Change is constant, especially in the natural world as Mother Nature stands at the roulette wheel, spinning the normalcy of seasonal change sprinkled with chance encounters of the extreme weather kind. But this winter lay dormant for the most part, never mounting much of a ground game or aerial one either — a weekend of bitter cold, a few snowstorms in rapid succession but otherwise a time of light coats and long walks on the beach nearly uninterrupted by the inconvenience of cold, snow or sleet.

Man tinkers with change too, sowing the seeds with his own footprints, but also monkeying literally with the hands of time, pulling back on the throttle for one hour each fall, and then letting loose again each spring so that hour disappears in an instant. Daylight Saving Time begins on Sunday morning at 12:01 a.m.

Here today, gone tomorrow and everyone cheers at this very visible sign that spring will soon be here to stay. Let’s face it, no one claps at a sunset occurring at 4 p.m., no matter how spectacular. But next week the sun will stick around until nearly 7 p.m. and attention will be paid, and not just for its beauty. We are a resort community, and there is work to be done.

Amidst the background chorus of pinkletinks looking for love in all the muddy places, and songbirds sounding a melodic alarm each morning, the true harbinger of spring on Martha’s Vineyard is the pneumatic thwack, thwack of nail guns and classic rock music echoing forth from job sites all across the Island .

The water is still cold and many stores still closed but already the air is filled with anticipation as the economic engine begins to rev, rising in intensity at the starting gate of spring. Signs at the moment point to positivity but nothing is a sure thing until the pedal hits the metal and the Island’s economic energy shifts from zero to sixty down the straightaway of summer.
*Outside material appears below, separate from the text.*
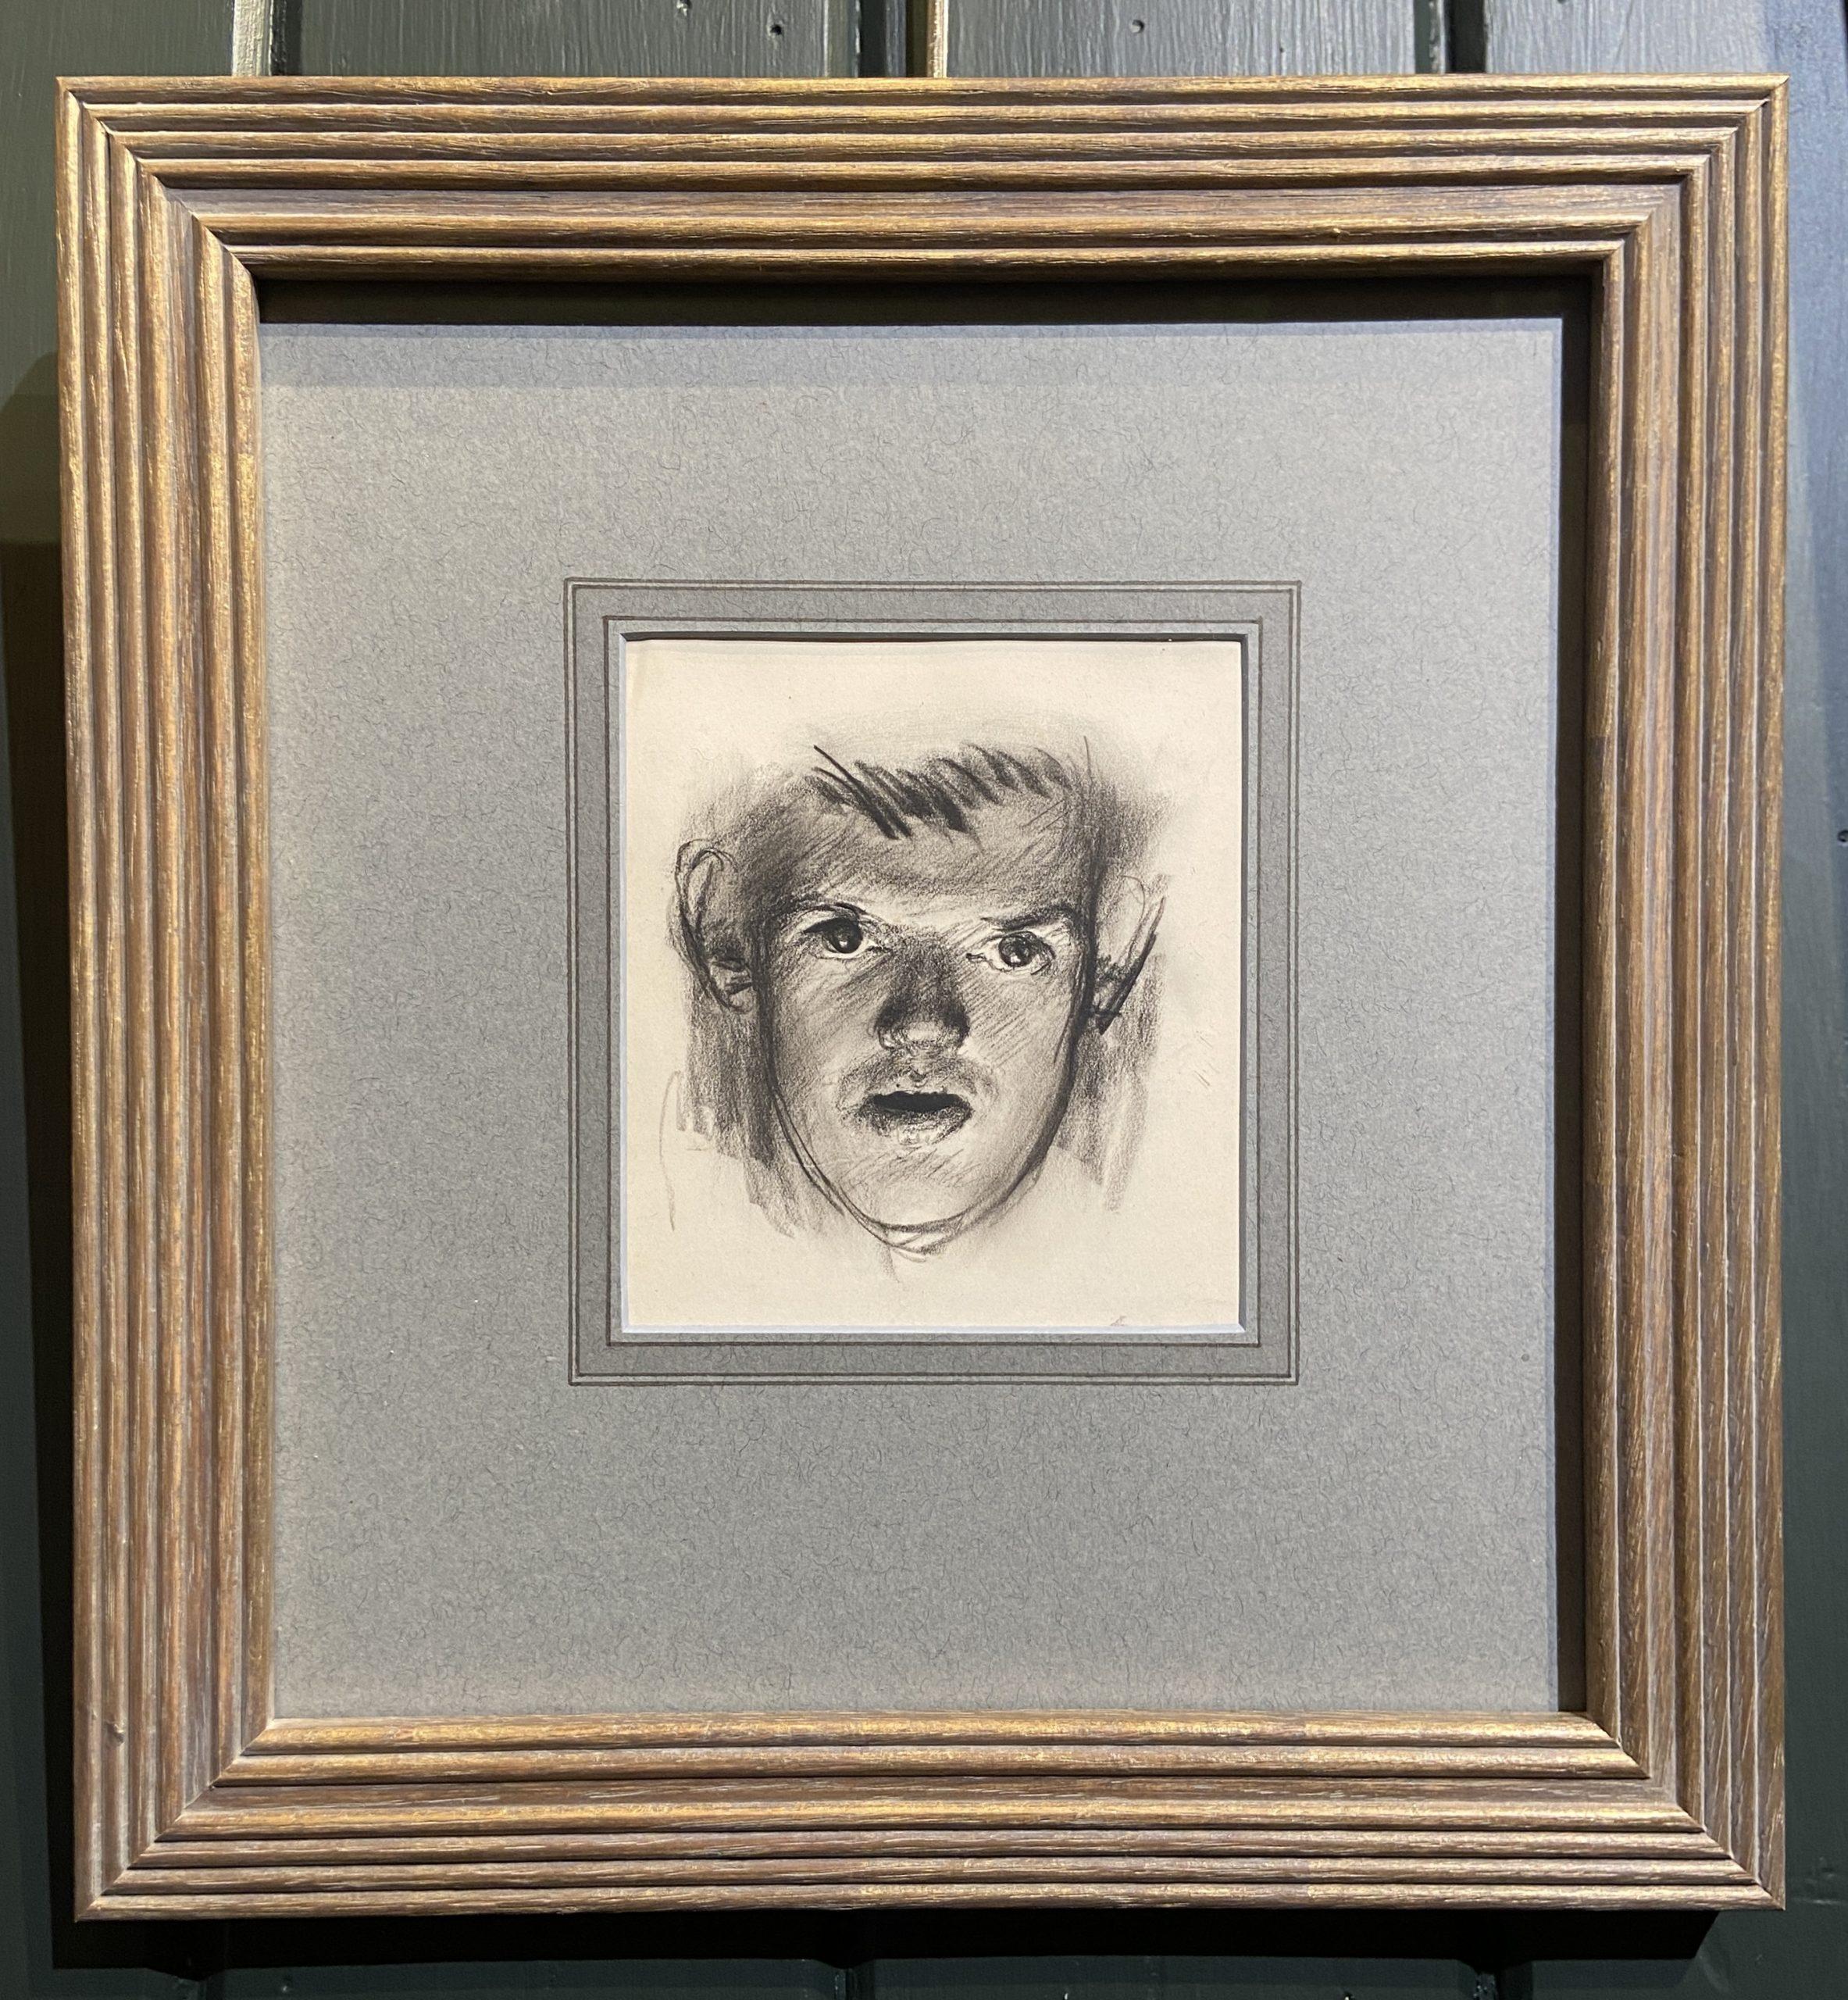 Self Portrait, Charcoal on Paper, 20th Century British Drawing - Modern Art by William Dring

But to backtrack a moment, wither the red-breasted merganser which like the cold and snow flew the coop this year and for the most part did not return? Warming trends shift migration patterns and as birds begin to fly north for the winter instead of south, an Island bobbing in the ocean is often the first to take notice. So too a small town community might watch an election year turn not on substance but new levels of bullying and bad manners and wonder what ever happened to civility? Politics has always taken place in muddy waters and is not for the thin skinned, but now as the planet warms the temperature of human relationships appears to be cooling off to the point of freezing.

Anger is contagious but joy and love thy neighbor can be too, be they Islander, washashore, daytripper, summer resident or political adversary. Perhaps the answer is to look to the light not the darkness. After all, come Sunday there will be an extra hour each evening.